■ ACTIVITY:
Each line of the listing, apart from the pictures, is to be printed exactly.

■ DATA PROVIDED:

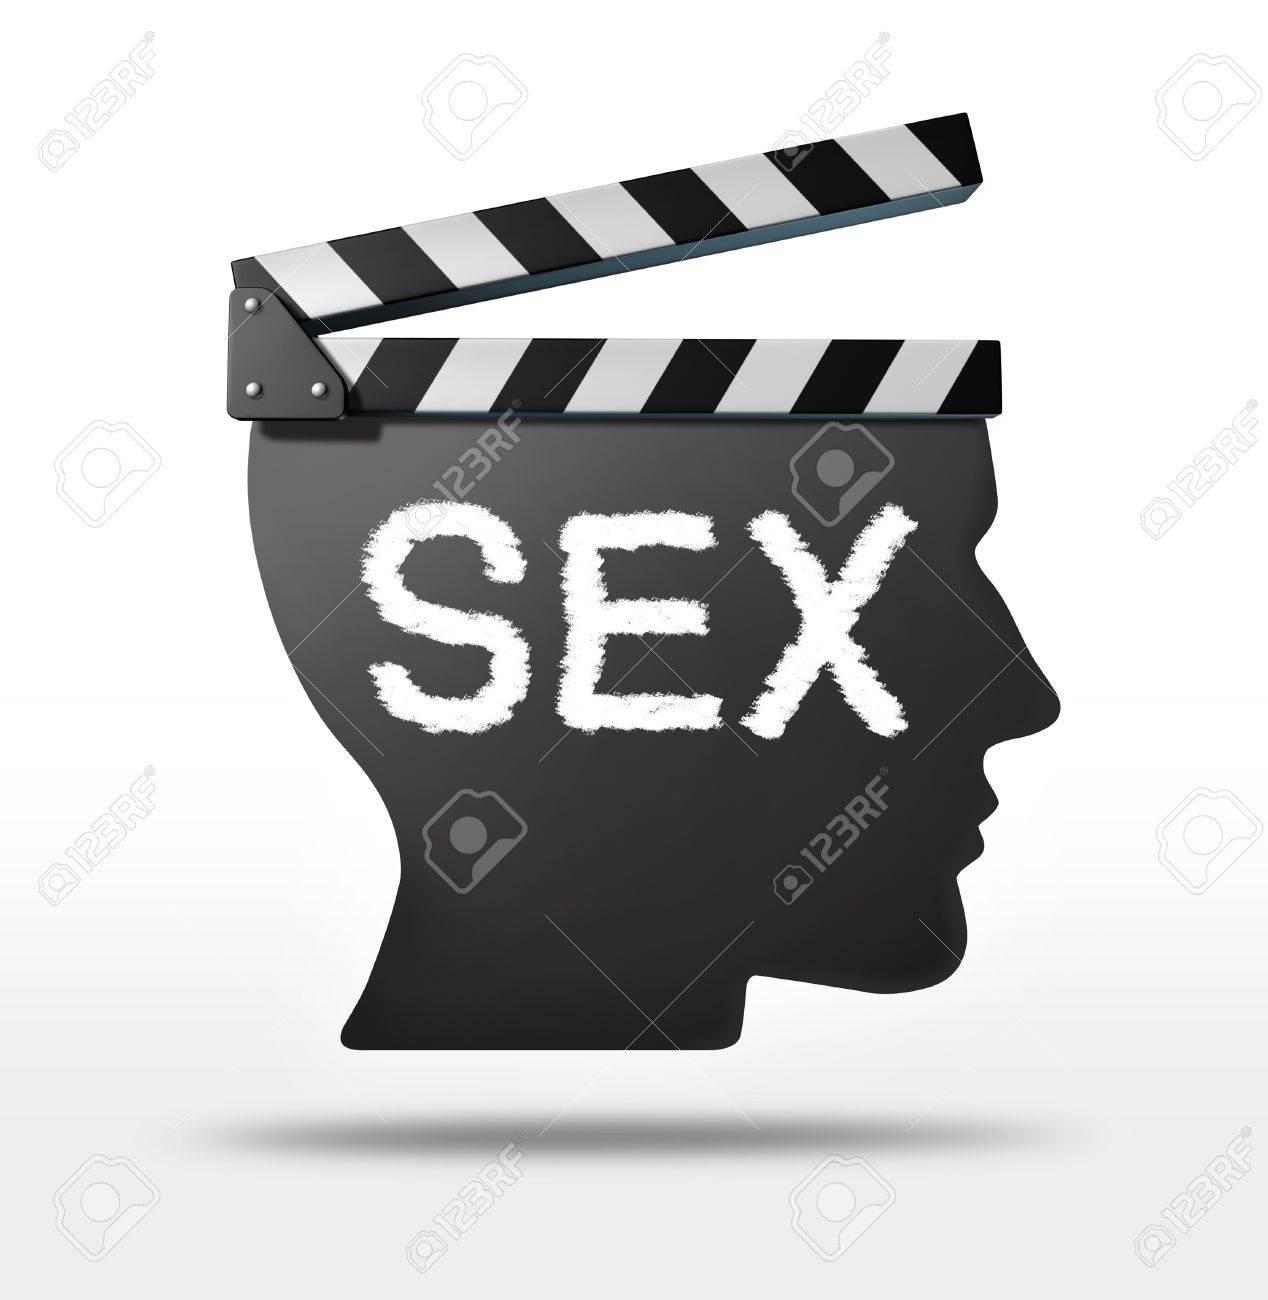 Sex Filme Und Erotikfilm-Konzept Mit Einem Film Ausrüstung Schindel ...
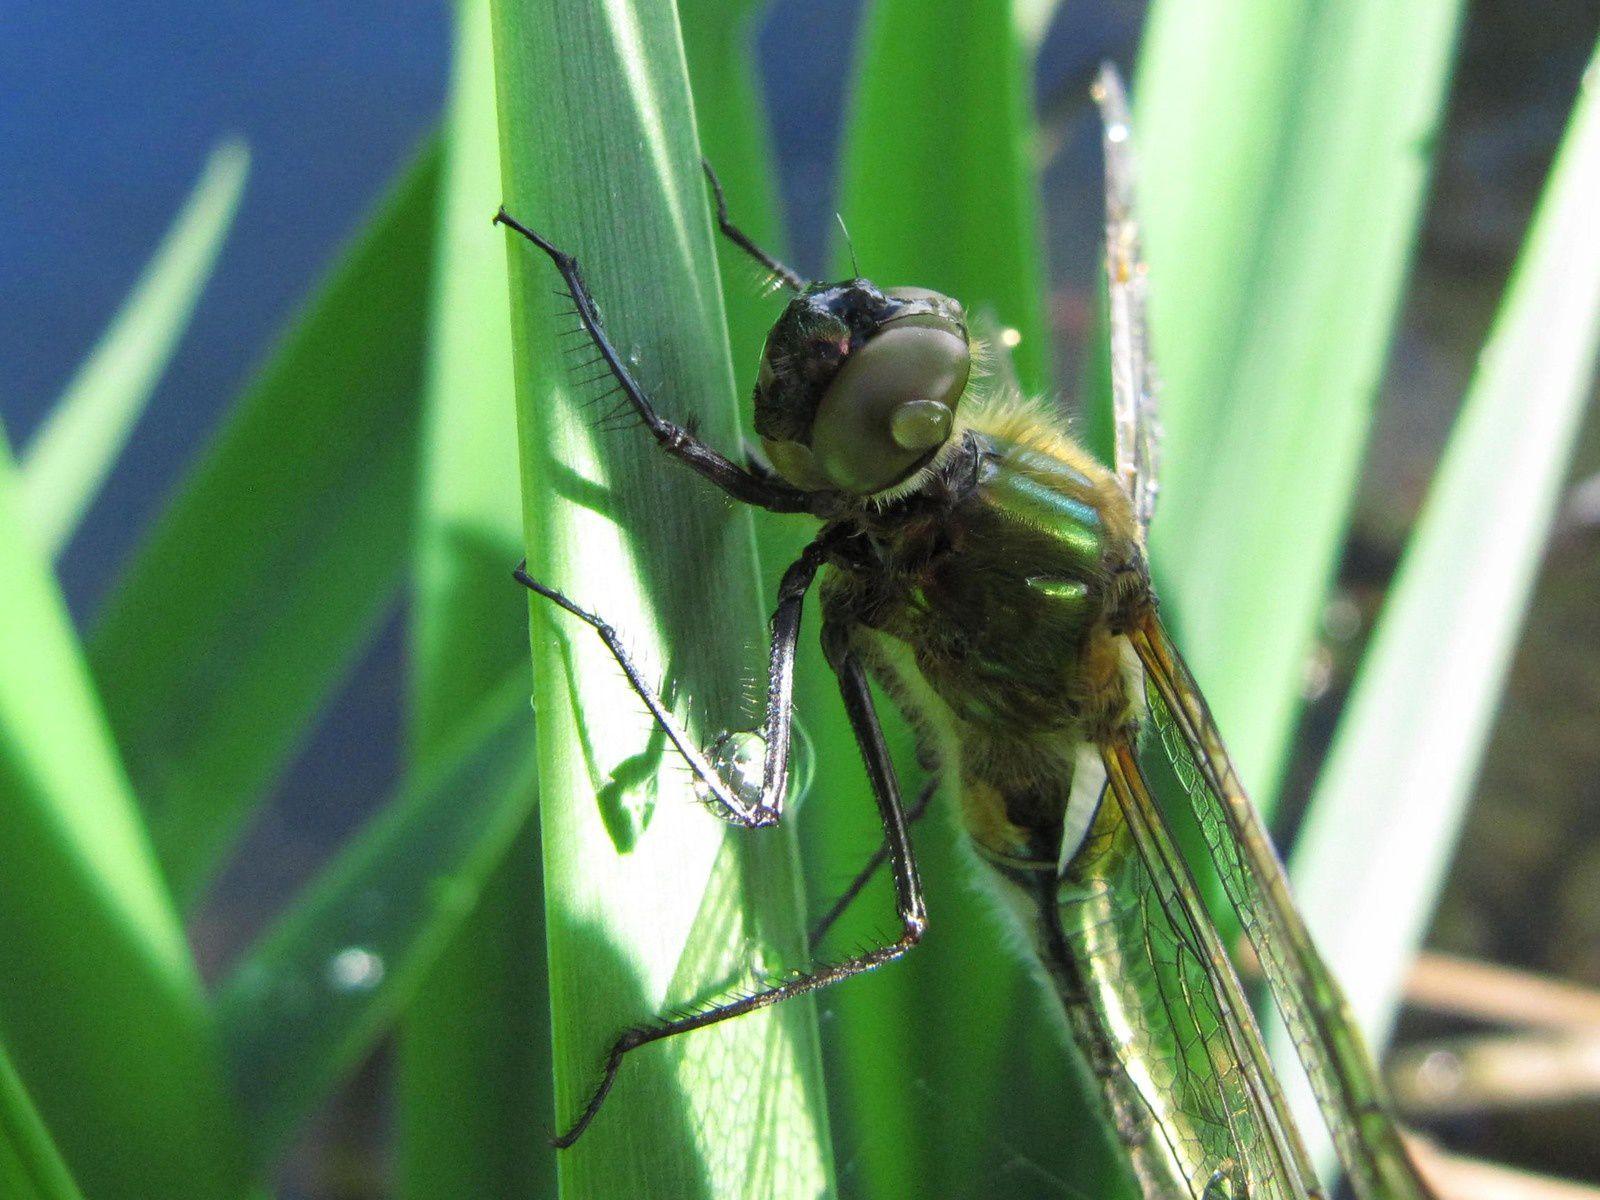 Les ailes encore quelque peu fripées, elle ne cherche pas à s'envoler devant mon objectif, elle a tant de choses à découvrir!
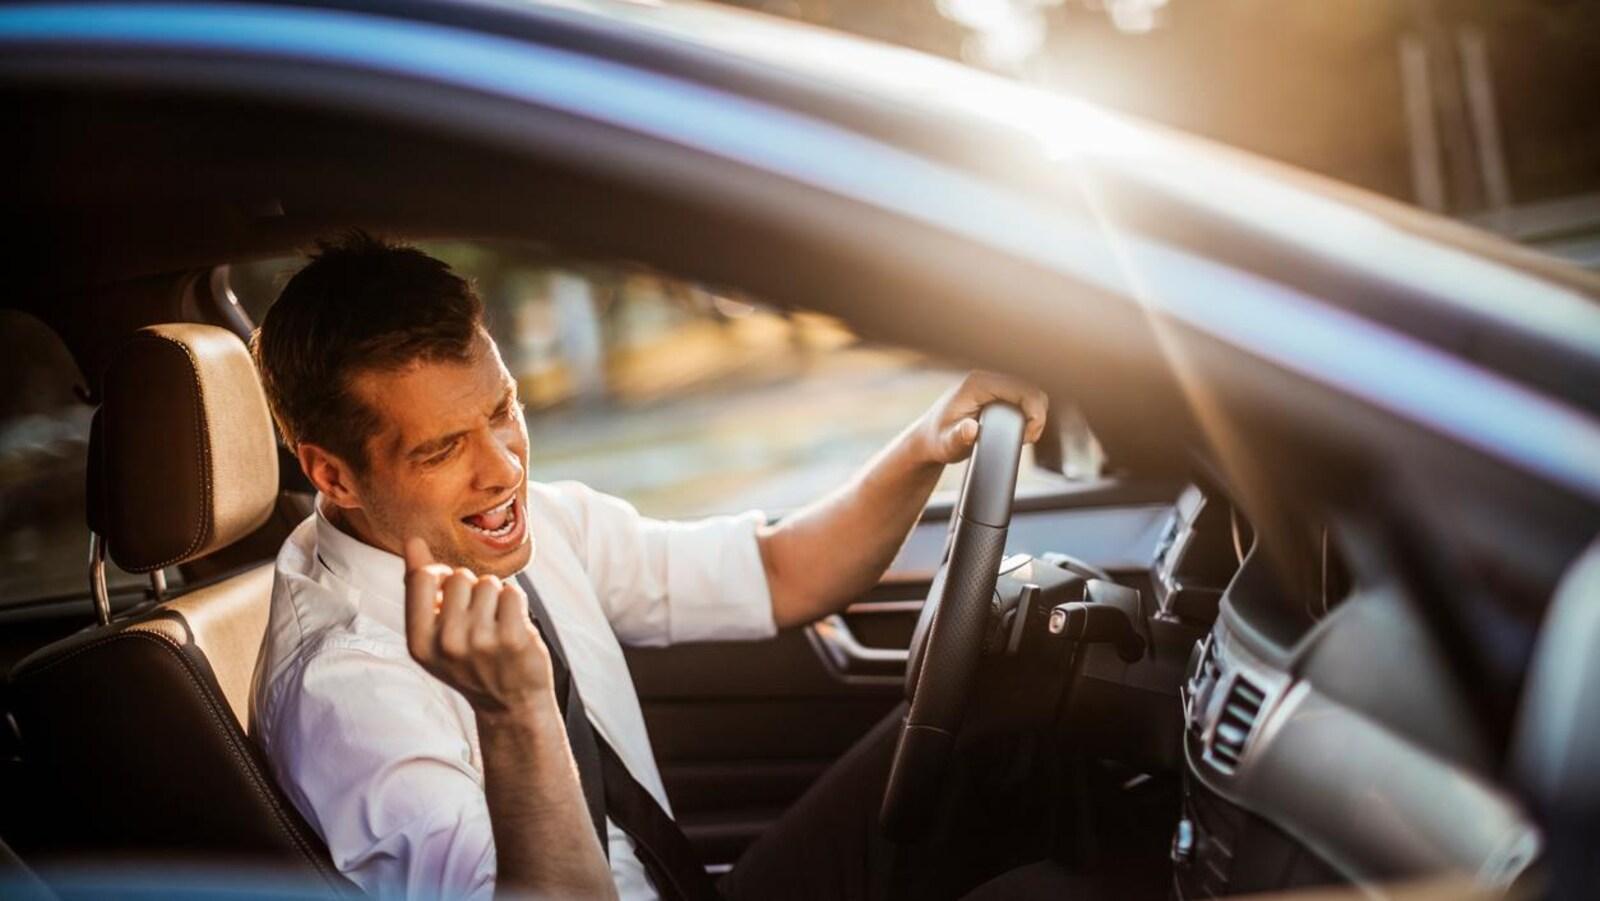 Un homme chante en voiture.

■ WRITTEN ANSWER:
 Sex Filme Und Erotikfilm-Konzept Mit Einem Film Ausrüstung Schindel ...
 Les ailes encore quelque peu fripées, elle ne cherche pas à s'envoler devant mon objectif, elle a tant de choses à découvrir!
 Un homme chante en voiture.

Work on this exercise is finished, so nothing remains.